Well, I always love books as a child. I remember reading "TheWizard of Oz" as a child, "Black Beauty." And one of my favorite books when I was really young was a book about  famous inventors. It was a children's book aimed at about third grade that had pictures of all the famous inventors like  Thomas Edison and the inventor of the sewing machine and a whole lot of other inventors.

My mother really worked on fostering reading. She read to us, both my sister and I, when we were little kids and books were always a really important thing in our house.

Well, I'm probably doing most of my academic research now on the Internet, but I talk to lots and lots of parents of children with autism and for many of our low-income parents, the library is the only way they can get books. They cannot afford a fifteen dollar paperback. They have to wait for it to come into the library and for many people all around the whole country it's the only way they can get information. They can't afford Internet access.

And in low-income areas, that's where libraries are just a lifeline for parents with autistic kids and just all kinds of people. Well, I think school libraries are important.  We've got to get kids interested in reading. I was rather disturbed to read that fewer young adults today are reading books just for pleasure and when they were asked, you know, what's the last book you read for pleasure they mentioned "Harry Potter," which I think is absolutely great for getting kids interested in books, but they hadn't been reading any other books for pleasure since they had read "Harry Potter" as a young child and I've always enjoyed reading.

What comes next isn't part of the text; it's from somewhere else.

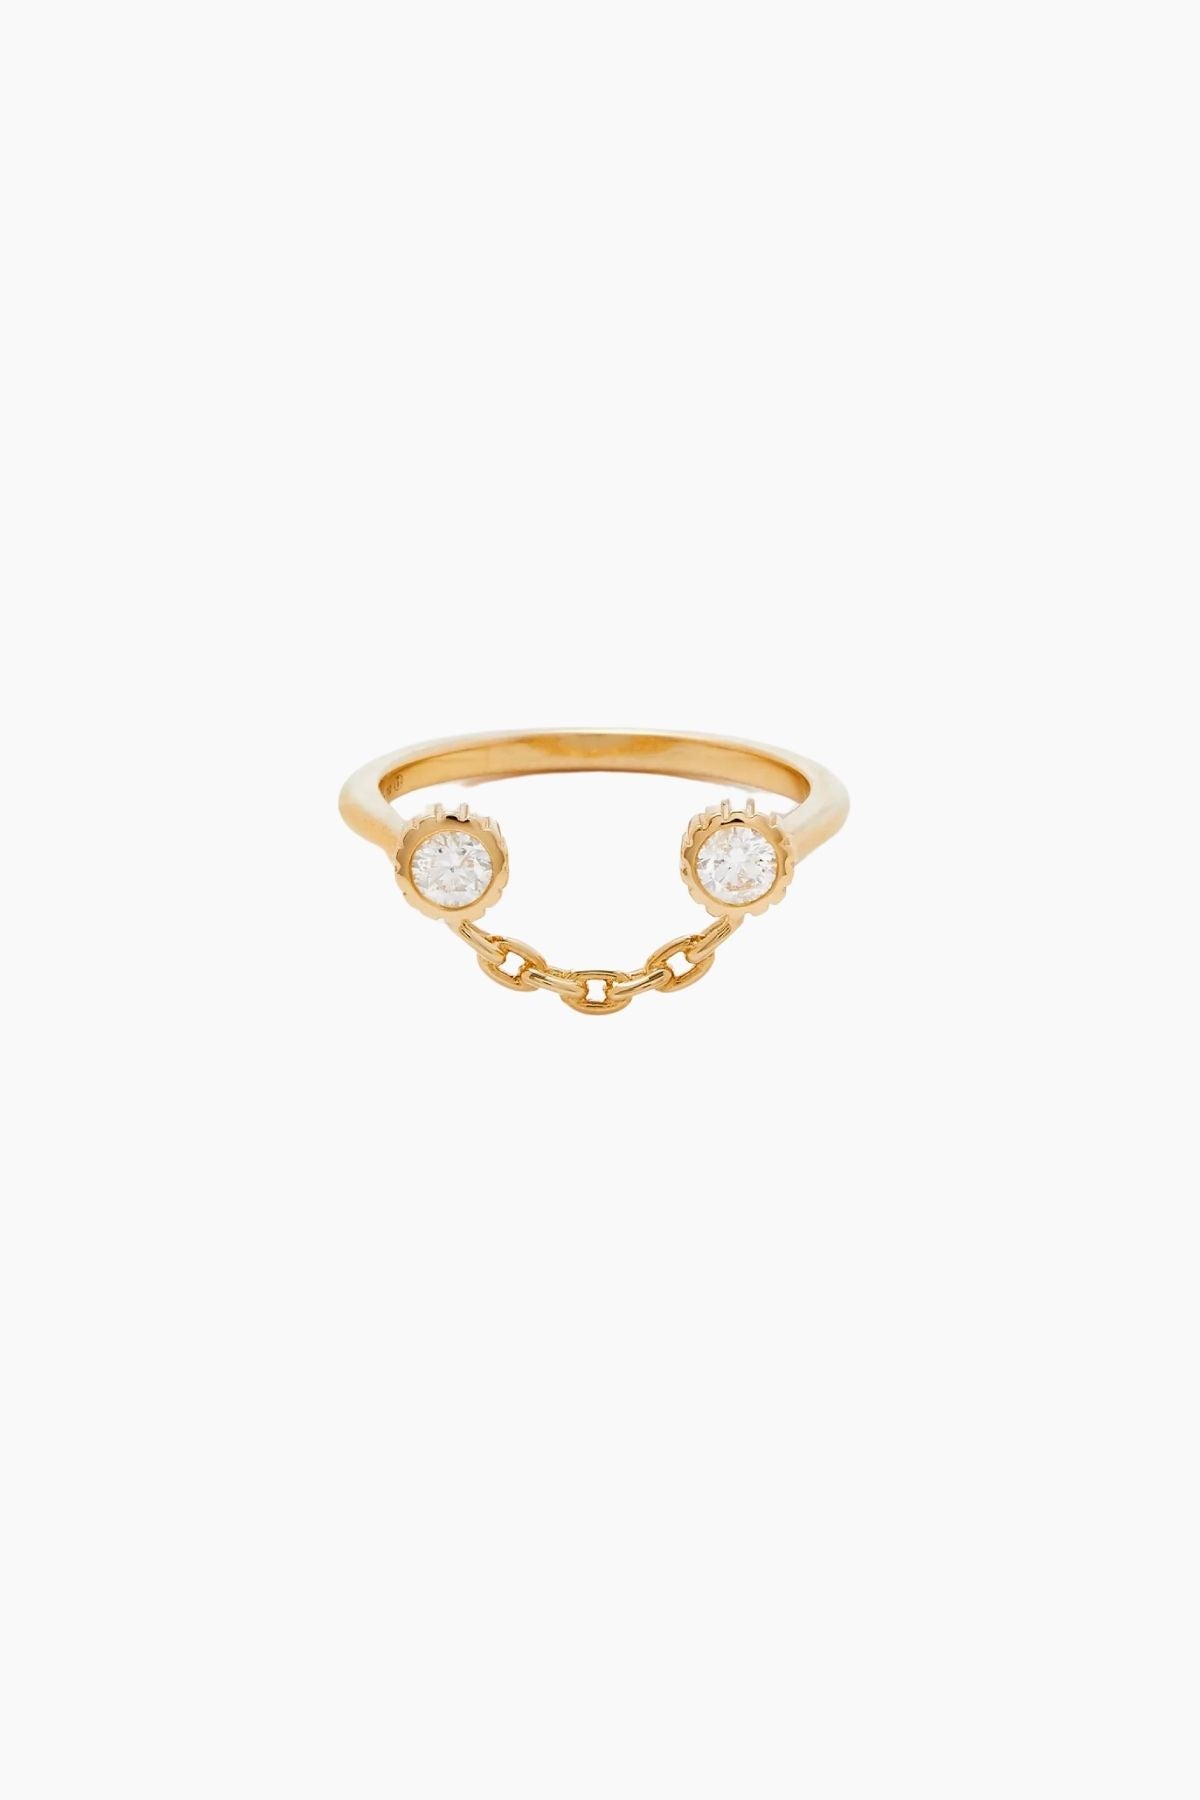 Yvonne Léon Sourire Diamond Ring - Yellow Gold

I had trouble learning to read originally. My mother had to teach me to read when I was in third grade and then once I learned how to read,  I just took off.

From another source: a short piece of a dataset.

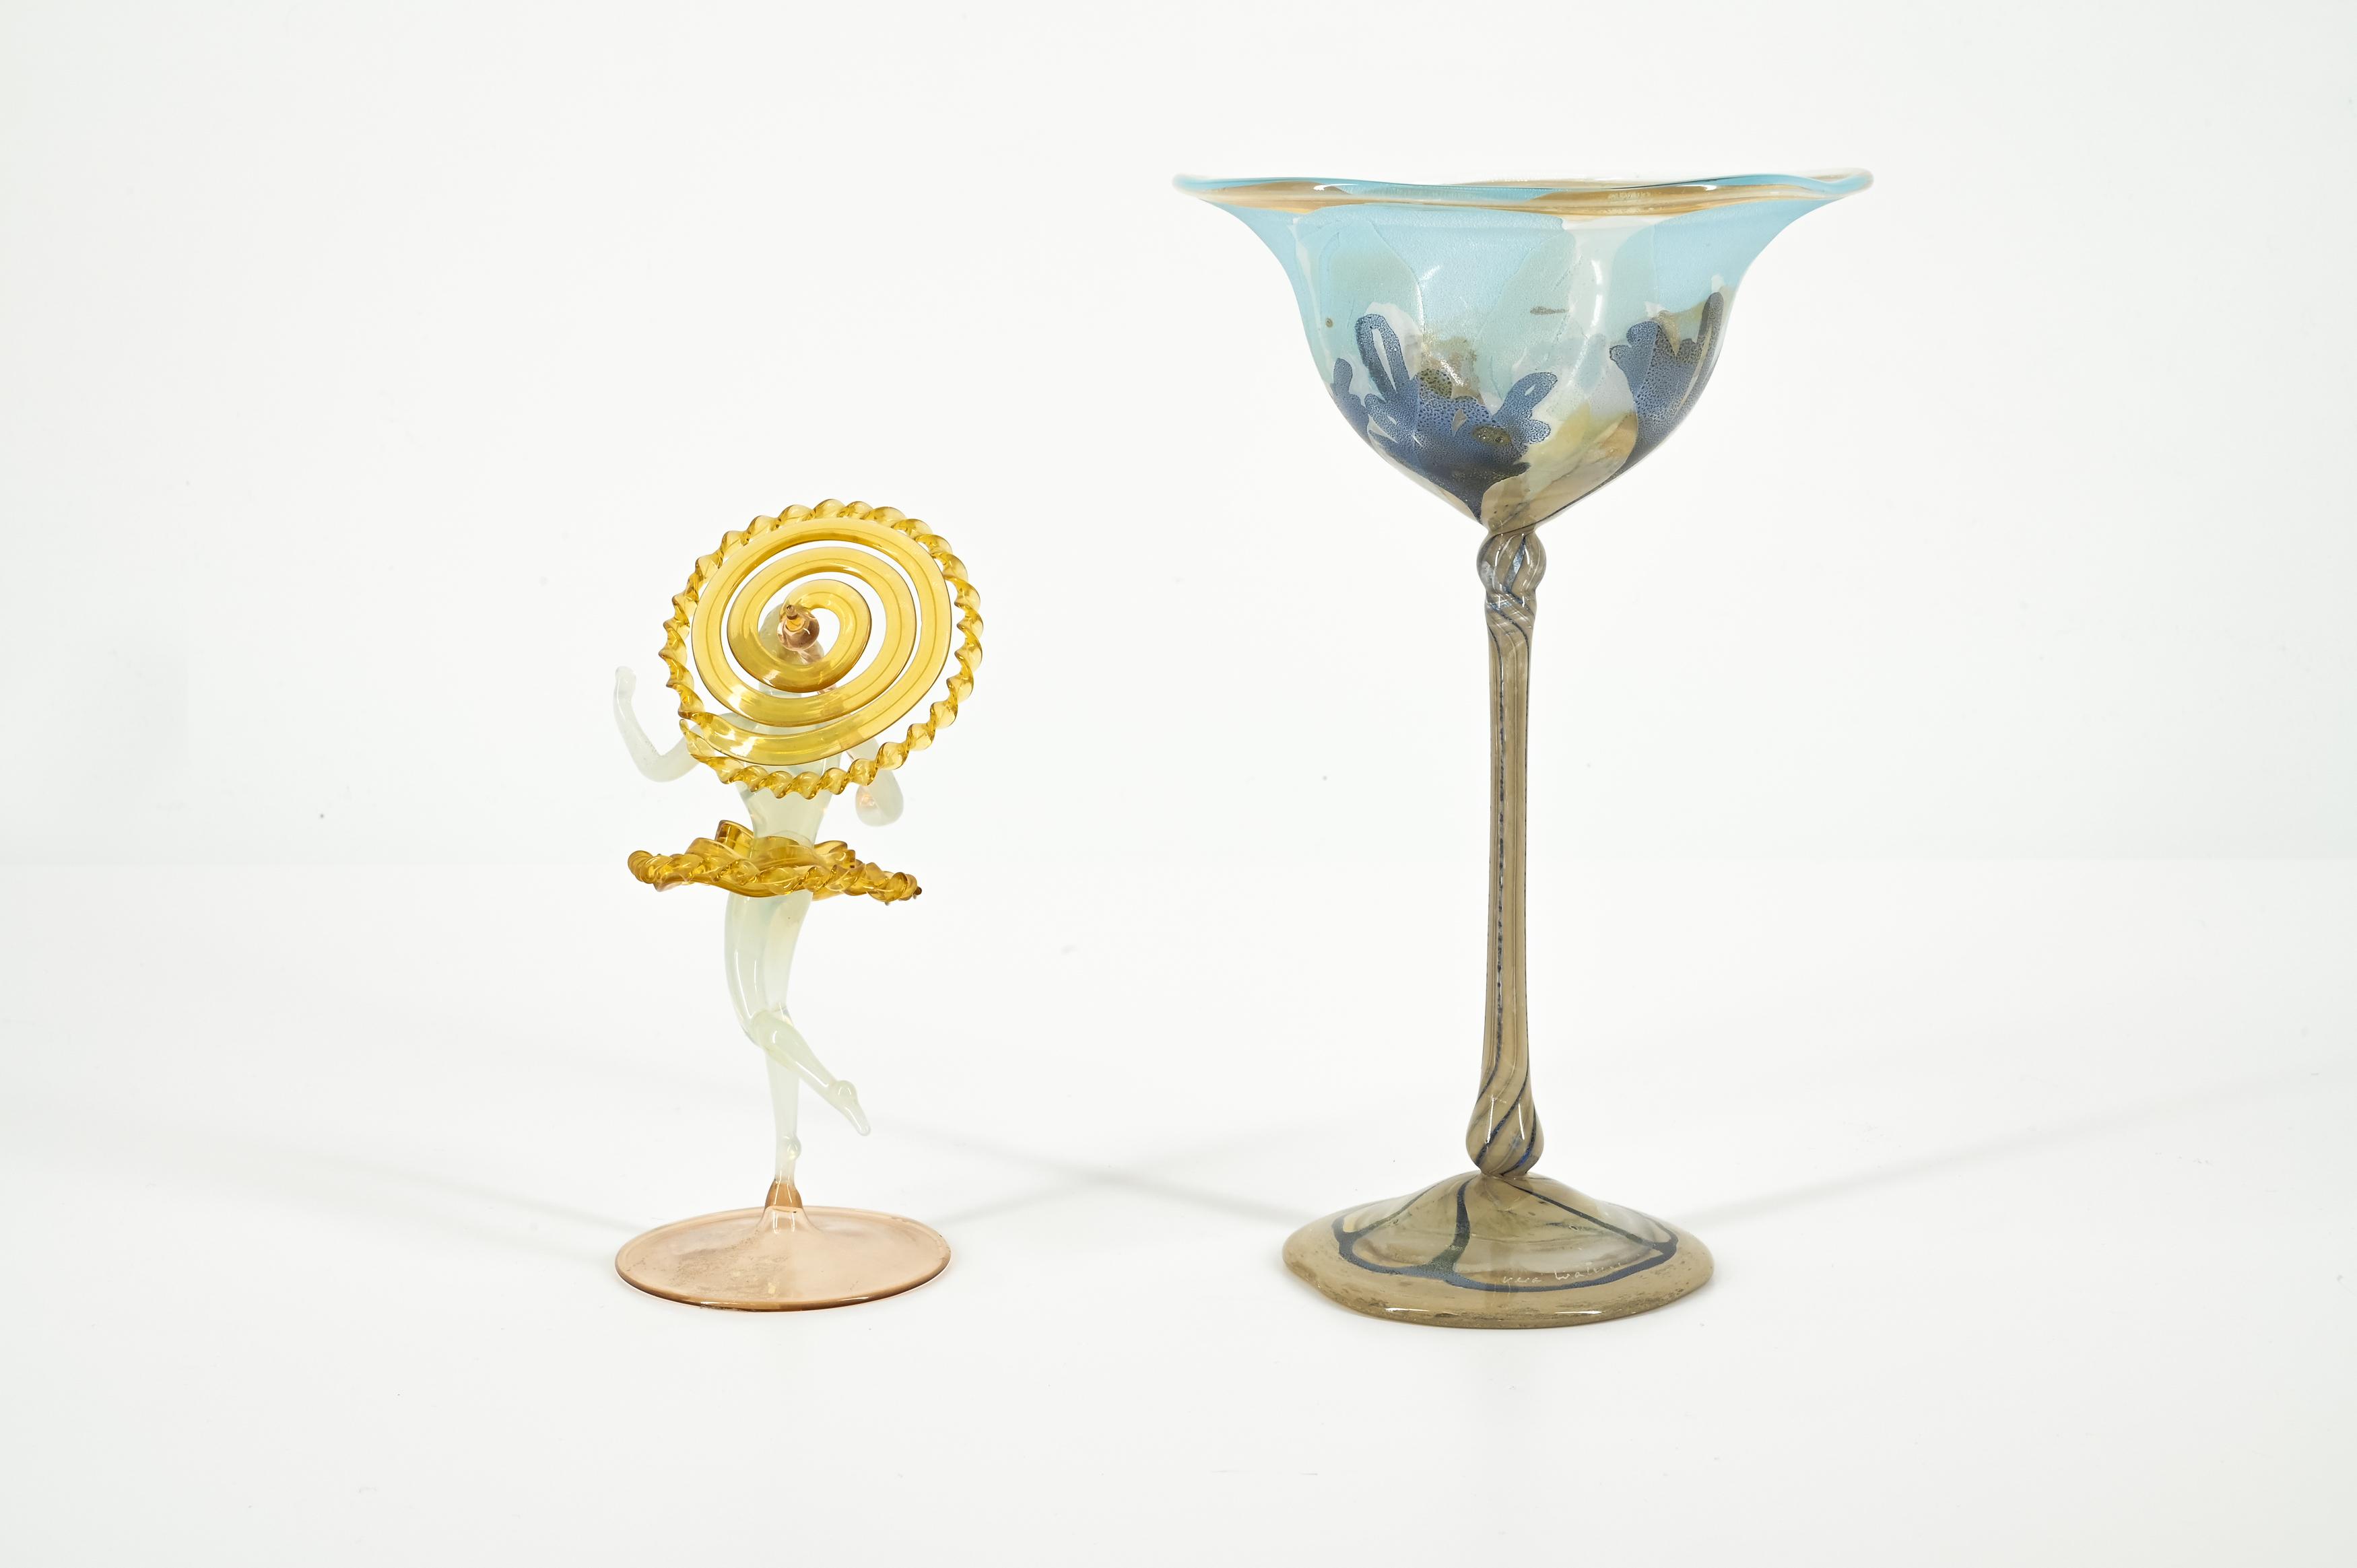 Frauenfigur mit Schirm, Stengelglas, zwei Karaffen - Image 17 of 20

Well, I'm really concerned about all the library budget cuts,  because for some people it's their lifeline. I recently did a talk at a major library and there were some homeless people there that were trying to get ahead.  And in order to get ahead they need to get on the Internet. And after the library was closed, they are putting their computer on the windowsill of the library to pick up the Wi-Fi signal, so like this one lady could get her homework done, so she could get an education and not be homeless. Well, if the library was open, she wouldn't have been putting her computer on the windowsill to get the Wi-Fi signal.  At least it was strong enough so that she could get it.  And I think that budget cuts for closing libraries, I think is just totally terrible.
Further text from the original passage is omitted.